Plus vous saisirez la réalité avec franchise et entièreté, plus vous serez honnêtes avec vous-même sur vos vrais besoins.
Lorsque vous voyagez, pas besoin de prendre des photos à chaque arrêt, essayez plutôt de prendre une photo intérieure, d’enregistrer en vous l’atmosphère, l’énergie de ce que vous voyez. Apprenez à voir au-delà des apparences, du visuel immédiat.
Cueillez la réalité, accueillez-là. Cessez de vivre avec des œillères.
C’est ça qu’on appelle « l’intuition féminine », c’est se relier à la vraie nature des choses, pas forcément visible mais substantielle. Je suis désolé mais je trouve qu’aujourd’hui, dans cette hyper société de l’image tout est fait pour vous l’enlever, et de vous insuffler des émotions et sensations édulcorées comme du soda.
« L’intuition féminine », c’est en fait le Sacré, le fameux Féminin Sacré. En vous reliant au Sacré en vous, vous ne pourrez pas vous tromper, vous saurez tout de tout. J’ai écris un article dessus.
La Sacré, c’est la Lumière divine qui vous traverse.
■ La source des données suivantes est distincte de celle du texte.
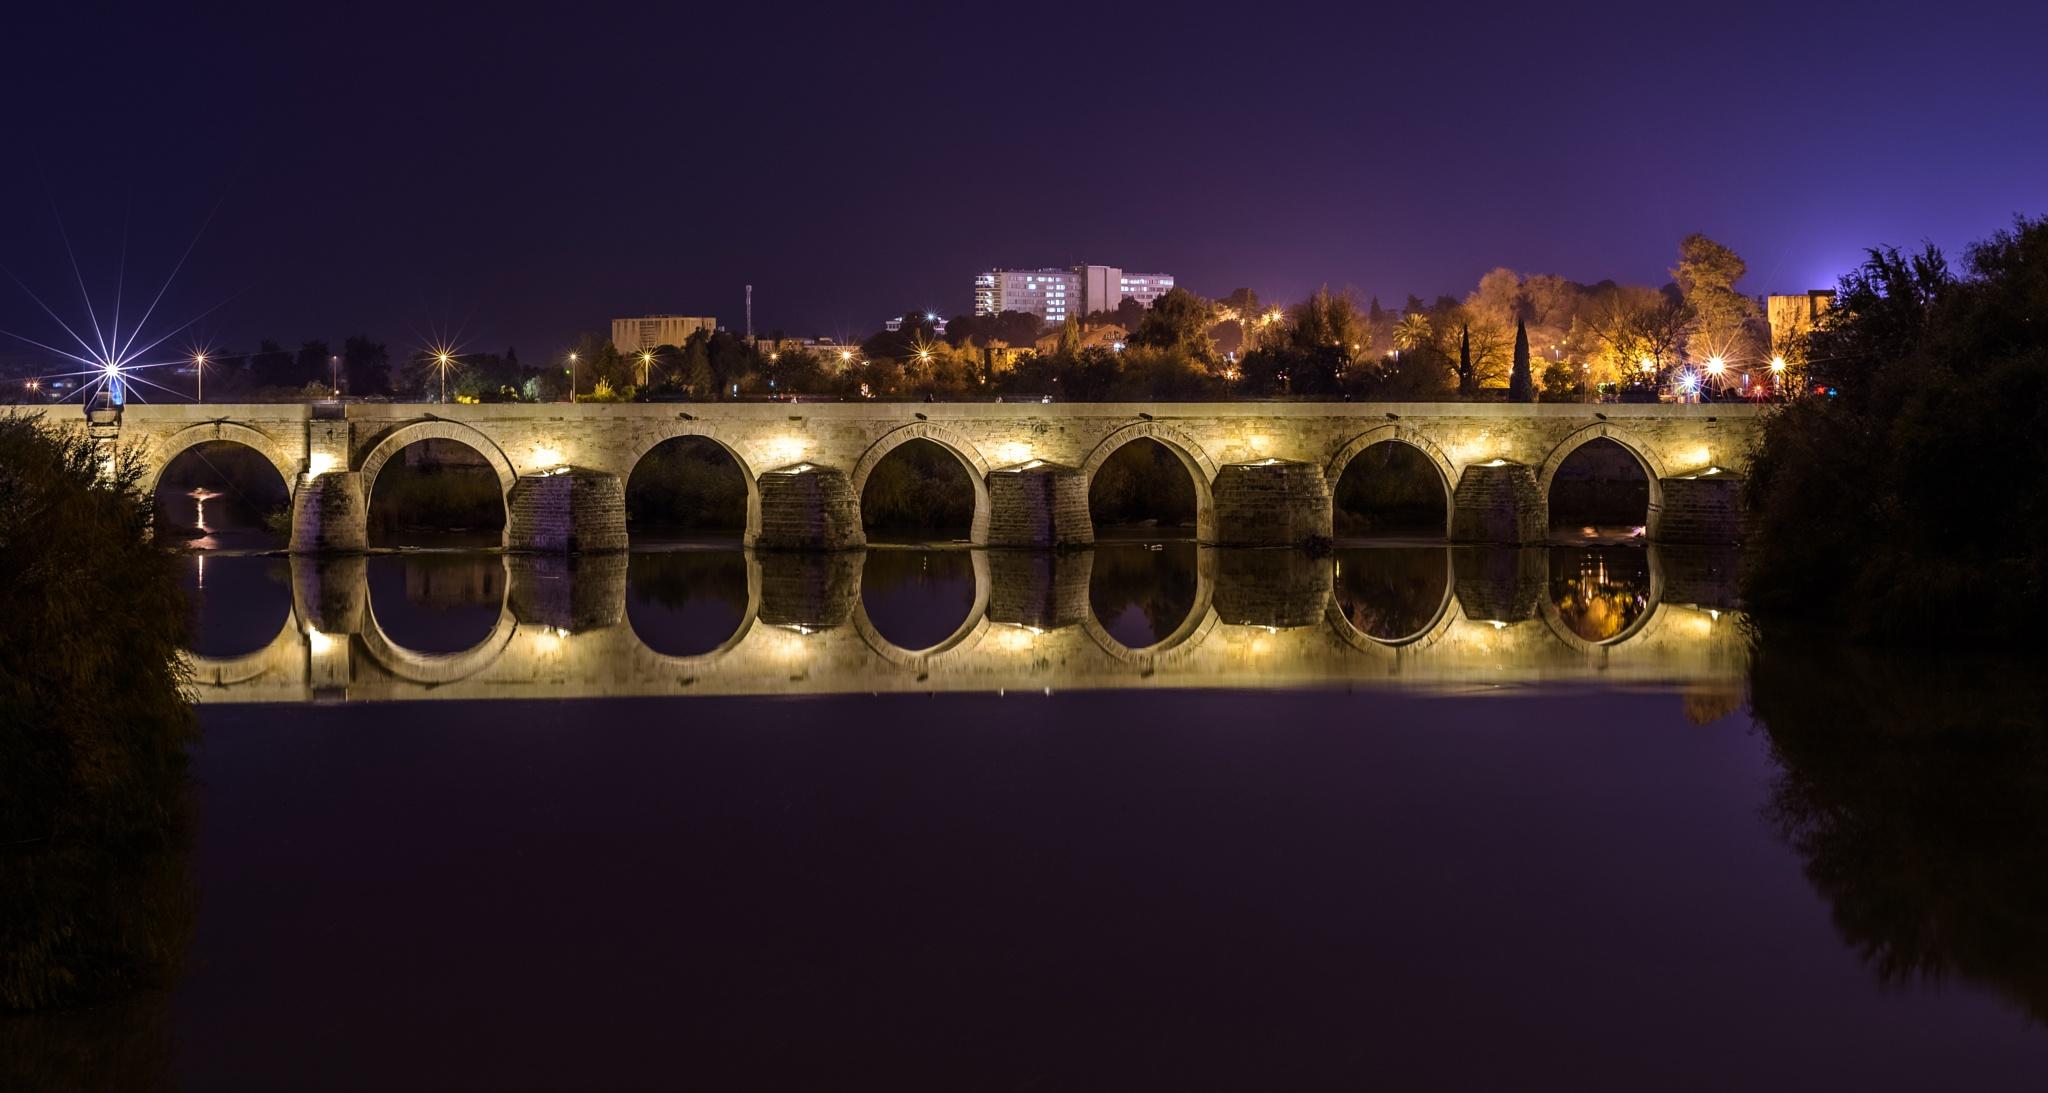 Bridge in Spain by Simo Tynys

C’est quelque chose qu’on peut difficilement expliquer, mais c’est une réalité, une vibration. Cela peut se canaliser par la prière, le silence, la contemplation… La Vierge Marie en est un représentant dans notre culture.
Je pense que Dieu est toujours le premier amant d’une femme, le reste en découle.
Une fois que vous connectez avec cette énergie, il vous est beaucoup plus facile de sentir quel homme est fait pour vous ou pas. Vous savez tout de suite. C’est comme un courant d’eau claire et pure qui vous porte et vous guide.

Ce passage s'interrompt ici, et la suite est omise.